Caged Bird Feeders I Use

I have two types of caged bird feeders in my yard. The first are four Woodlink Squirrel-Proof Seed Feeders. (See above photo.) Each is made of a plastic tube feeder surrounded by a metal cage. The second are two Erva Starling-Proof feeders. (See below photo.) These more drum-shaped feeders can be purchased with various inner feeder options but again are surrounded by a metal cage. I fill the Woodlink feeders with sunflower chips. One of my Erva feeder houses an inner suet cage and the other holds a bowl of dried mealworms.

Erva Starling-Proof Suet Feeder

The goal of a caged feeder is to allow in smaller birds while blocking aggressive larger birds like European Starlings and Common Grackles. So you might purchase this type of feeder if you like to feed various finches like House Finches, American Goldfinches or Pine Siskins for example. Other small birds that easily pop in and out of caged feeders in my yard are Carolina Wrens, Carolina Chickadees, White-Breasted Nuthatches, Red-Breasted Nuthatches, Pine Warblers and Tufted Titmouses. American Bluebirds can also learn to slip inside the Erva feeders to get mealworms.

But what other less expected birds might you find using these feeders? Here are a few more less typical birds that eat from these feeders in my yard.

Gray Catbird and Downy Woodpecker On and In a Caged Suet Feeder

Downy Woodpeckers in Caged Feeders

I had Woodlink caged feeders in the yard for several years before Downy Woodpeckers started hopping inside to eat sunflower chips.

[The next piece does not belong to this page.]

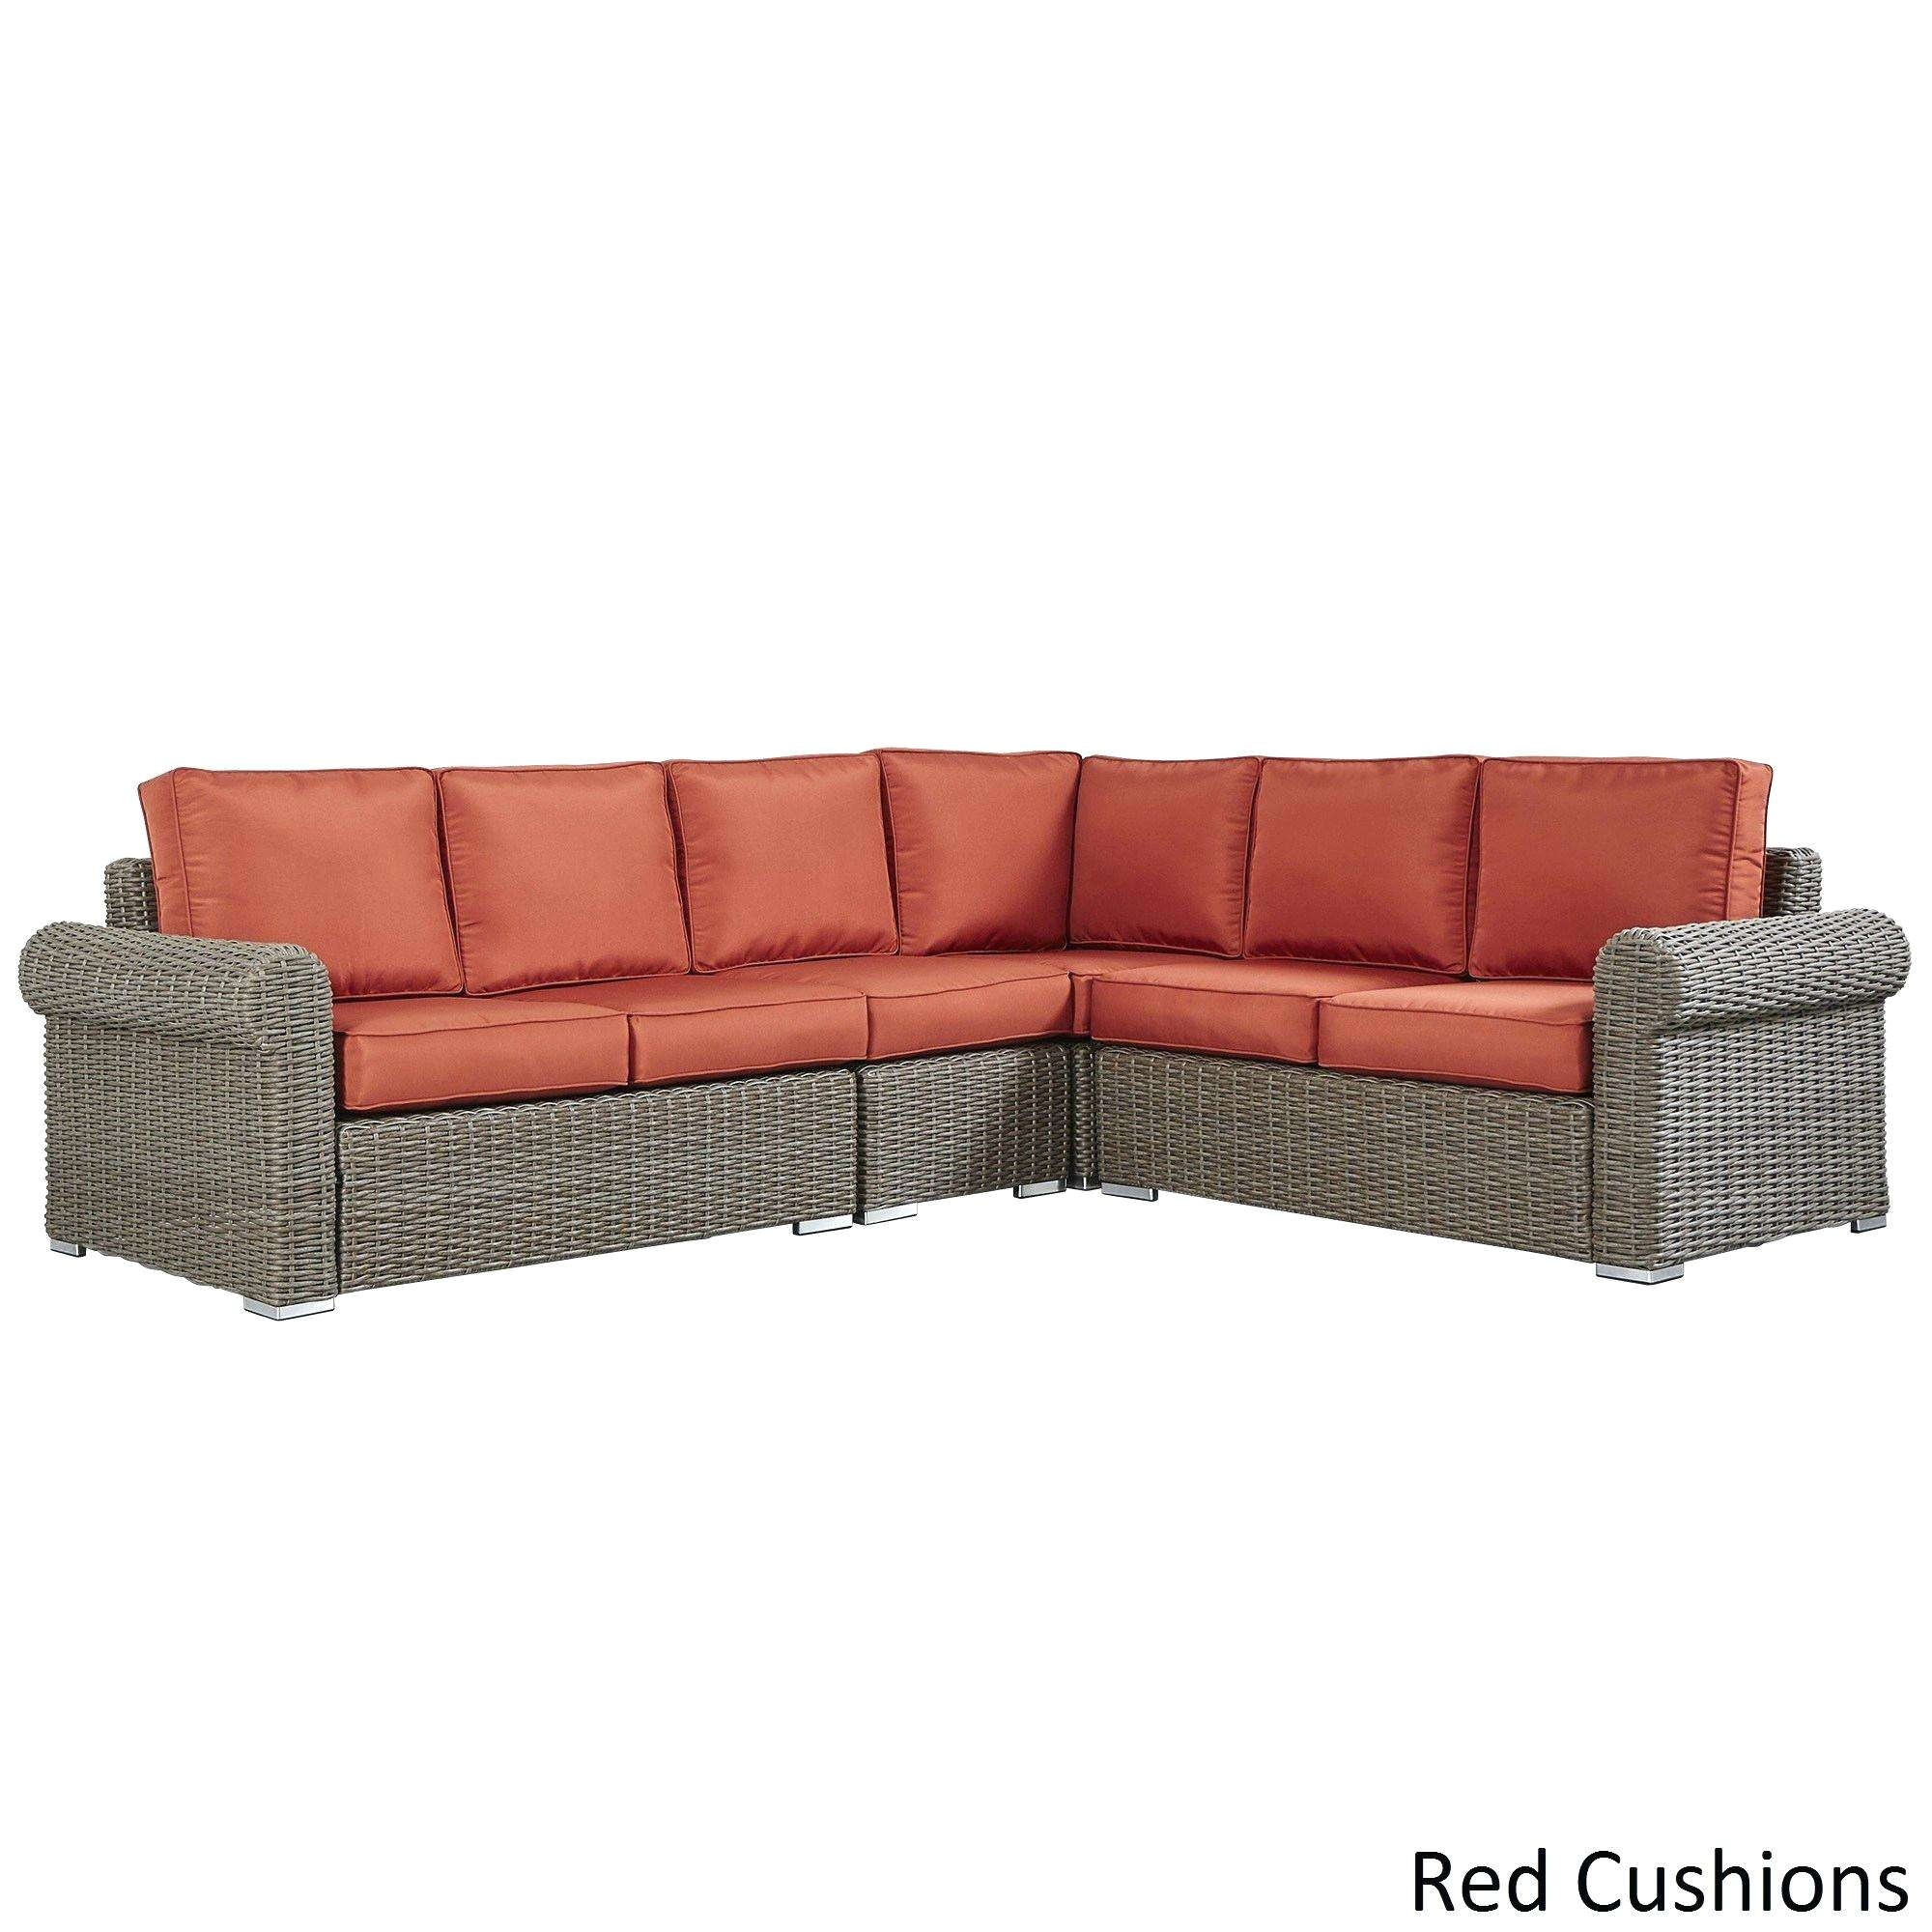 red desk chair walmart beautiful storage ottoman bench luxury wicker outdoor sofa 0d patio chairs

Downys are fairly small as woodpeckers go. They are just small enough that they can slip between the metal wires to get inside. Once they learned the trick, they became regulars on the Woodlink feeders. I’ve noticed over the years that once one bird figures something out, their fellows tend to learn the trick too.

Once they figured out how to get into Woodlink feeders for sunflower, getting inside a caged suet feeder shouldn’t have been a surprise. I have several upside-down suet feeders in my yard as well as one Erva Starling-Proof Suet Feeder. My expectation when I purchased the Erva feeder was that the woodpeckers would use the upside-down feeders. I thought the Erva feeder would be a place for small birds like chickadees and wrens to grab a bite of suet. And this did happen. But I also found that the Downy Woodpeckers were just as happy to go inside the Erva caged feeder as to hang on the upside-down feeder. They might even use the Erva feeder a bit more.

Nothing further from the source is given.